Figure 2.Inference of coefficients and indicators using the generalized linear model versions of MASCOT and DTA based on fixed phylogenetic trees. (A) Inferred active coefficients (y-axis) versus the true coefficients for migration rate predictors using MASCOT (left) and DTA (right). (B) Probability of the indicator of active migration rate predictors to be 1 (y-axis) for the effective population size. The dashed line corresponds to a Bayes Factor of 10 for the predictor being included. (C) Histogram of inclusion probabilities from predictors that are not predicting migration rates. Therefore, the true value of these inclusion probabilities is 0 and predictors with large inclusion probabilities might be falsely considered as predicting migration rates. (D) Histogram of inclusion probabilities of indicators for sample number predictors. That is, the predictor that predicts migration into a state being proportional to the number of samples from that state. These predictors were not used to predict migration rates.

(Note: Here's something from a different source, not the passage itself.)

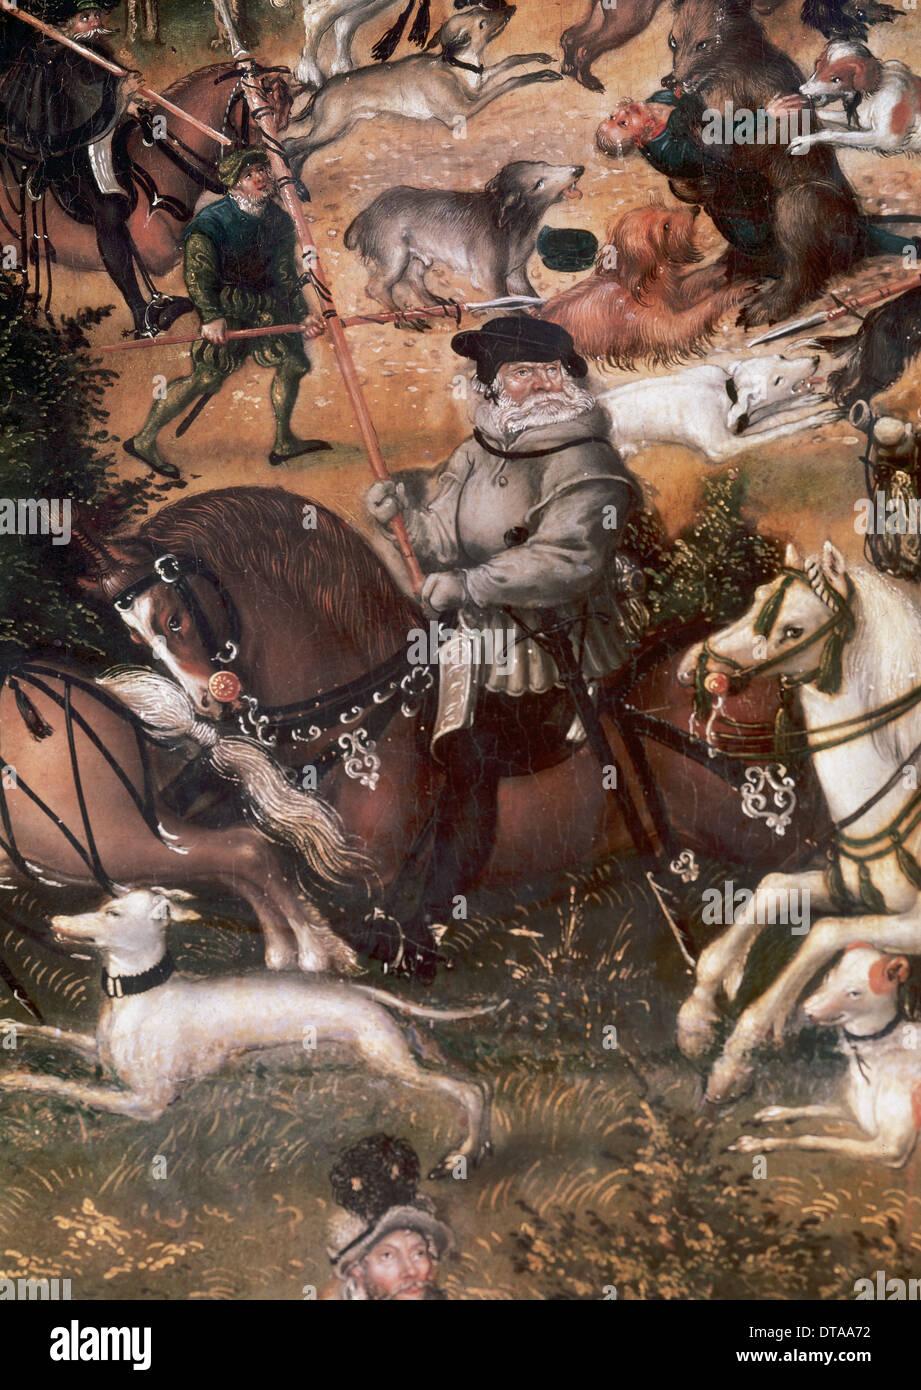 """Lucas Cranach """" Il Sambuco"""" (1479-1553). Caccia in onore di Carlo V presso il castello di Torgau, 1544. Olio su pannello. Dettaglio. Immagini Stock"""

Figure 3.Analysis of data from the 2014 Ebola epidemic in Sierra Leone. (A) Inferred maximum clade credibility tree from the 2014 Sierra Leone EBOV sequences. Colours denote the most likely inferred district for each node, and branches are coloured as their descendant node. District colour scheme is shown on the map. (B) Weekly incidence by district. The x-axis denotes time in months and acts as a scale for both incidence data as well as the phylogenetic tree.
Figure 4.Inferred predictors of the effective population sizes and migration rates for the Ebola analysis. (A) Inferred effective population size predictors. The x-axis shows the probability of the predictors being included in predicting the effective population sizes. Red bars are predictors for which the median value of the coefficient is negative and blue bars are predictors for which the median value of the coefficient is positive. The magnitude of the coefficient from a standardized predictor does not have a direct meaning or dimension. We therefore only plotted if a coefficient was inferred to be positive or negative, i.e. if the relationship between a predictor and the effective population size or migration rates is inverse or not. The case data predictor include the number of cases per week in a location. We additionally added eight predictors where the cases are assumed to have happened 1, 3, 6, and 9 weeks earlier or later. These are not inferred to strongly predict effective population sizes. (B) Inferred migration rate predictors. The x-axis shows the probability of the predictors being included in the migration model. ‘Origin’ and ‘from’ predictors predict the migration rate from a location. ‘Destination’ and ‘to’ predictors predict the migration rate into a location. The dashed line corresponds to a Bayes Factor of 10 for the predictor being included.